The Defense Distinguished Service Medal is a military decoration of the United States Department of Defense, which is presented to United States Armed Forces service members for exceptionally distinguished performance of duty contributing to the national security or defense of the United States. The medal was created on July 9, 1970, by President Richard Nixon in .  President Nixon awarded the first medal, on the day the Executive Order was signed, to General Earle Wheeler, who was retiring from the US Army after serving as Chief of Staff of the United States Army and then Chairman of the Joint Chiefs of Staff.

It is equivalent to the United States Department of Homeland Security's Homeland Security Distinguished Service Medal.

Criteria
The Defense Distinguished Service Medal is the United States Department of Defense's highest non-combat related military award and it is the highest joint service decoration. The Defense Distinguished Service Medal is awarded only while assigned to a joint activity. Normally, such responsibilities deserving of the Defense Distinguished Service Medal are held by the most senior officers such as the Chairman and Vice Chairman of the Joint Chiefs of Staff, the chiefs and vice chiefs of the military services, and commanders and deputy commanders of the Combatant Commands, the Director of the Joint Staff, and others whose duties bring them frequently into direct contact with the Secretary of Defense, the Deputy Secretary of Defense, and other senior government officials. In addition, the medal may also be awarded to other service members whose direct and individual contributions to national security or national defense are recognized as being so exceptional in scope and value as to be equivalent to contributions normally associated with positions encompassing broader responsibilities.

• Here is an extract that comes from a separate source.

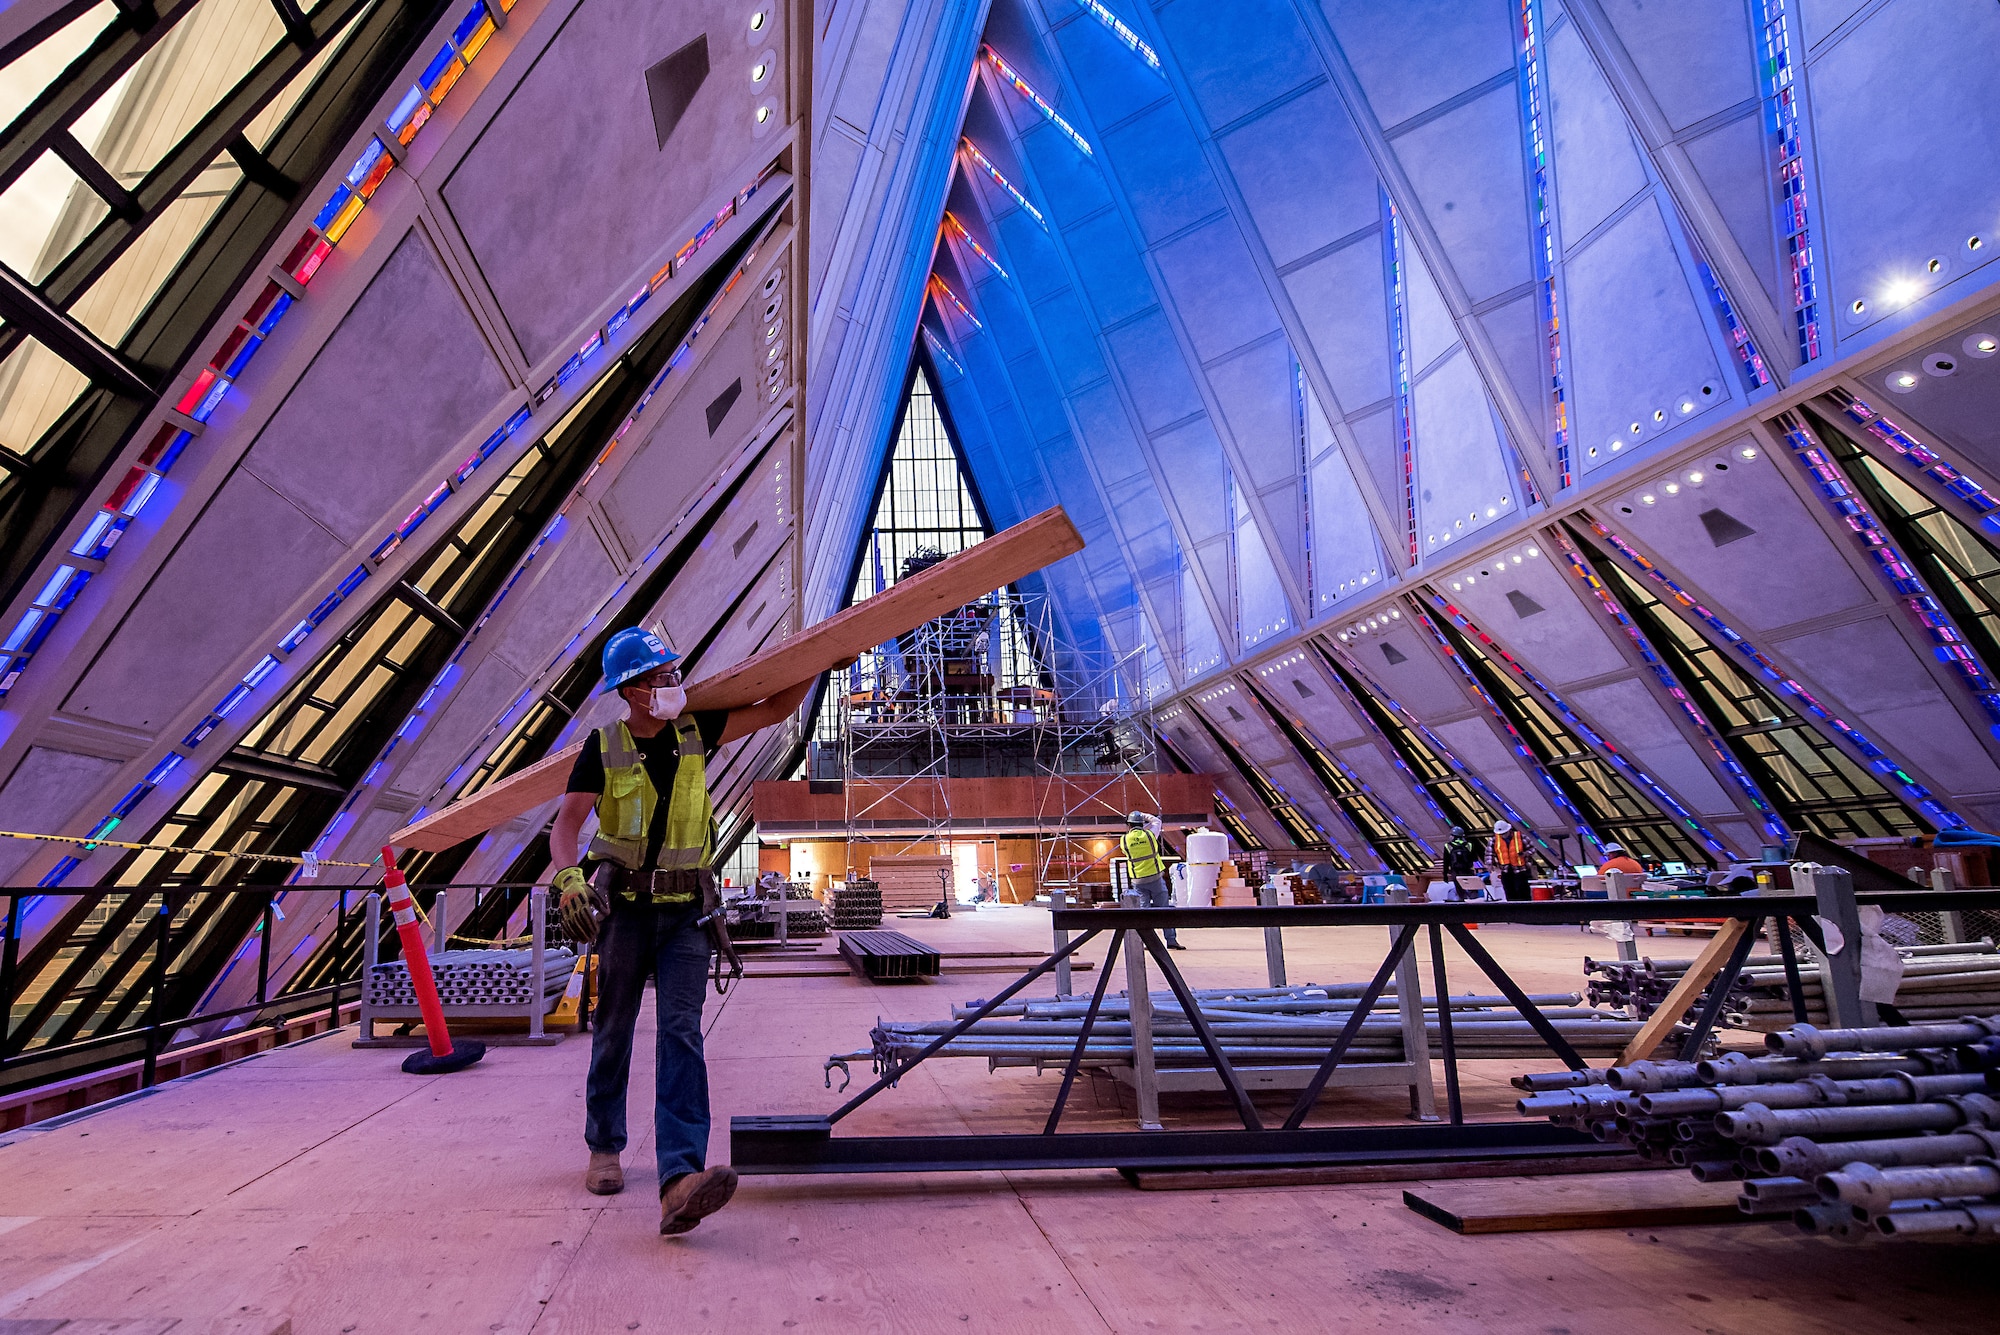 Crews erect scaffolding around the interior of the U.S. Air Force Academy Cadet Chapel on May 11, 2020 in Colorado Springs, Colorado.

This decoration takes precedence over the Distinguished Service Medals of the services and is not to be awarded to any individual for a period of service for which an Army, Navy, Air Force or Coast Guard Distinguished Service Medal is awarded.

Appearance

The medal is gold in color and on the obverse it features a medium blue enameled pentagon (point up). Superimposed on this is an American bald eagle with wings outspread facing left grasping three crossed arrows in its talons and on its breast is a shield of the United States. The pentagon and eagle are enclosed within a gold pieced circle consisting, in the upper half of 13 five-pointed stars and in the lower half, a wreath of laurel on the left and olive on the right. At the top is a suspender of five graduated gold rays. The reverse of the medal has the inscription "For Distinguished Service" at the top in raised letters, and within the pentagon the inscription "FROM THE SECRETARY OF DEFENSE TO", all in raised letters.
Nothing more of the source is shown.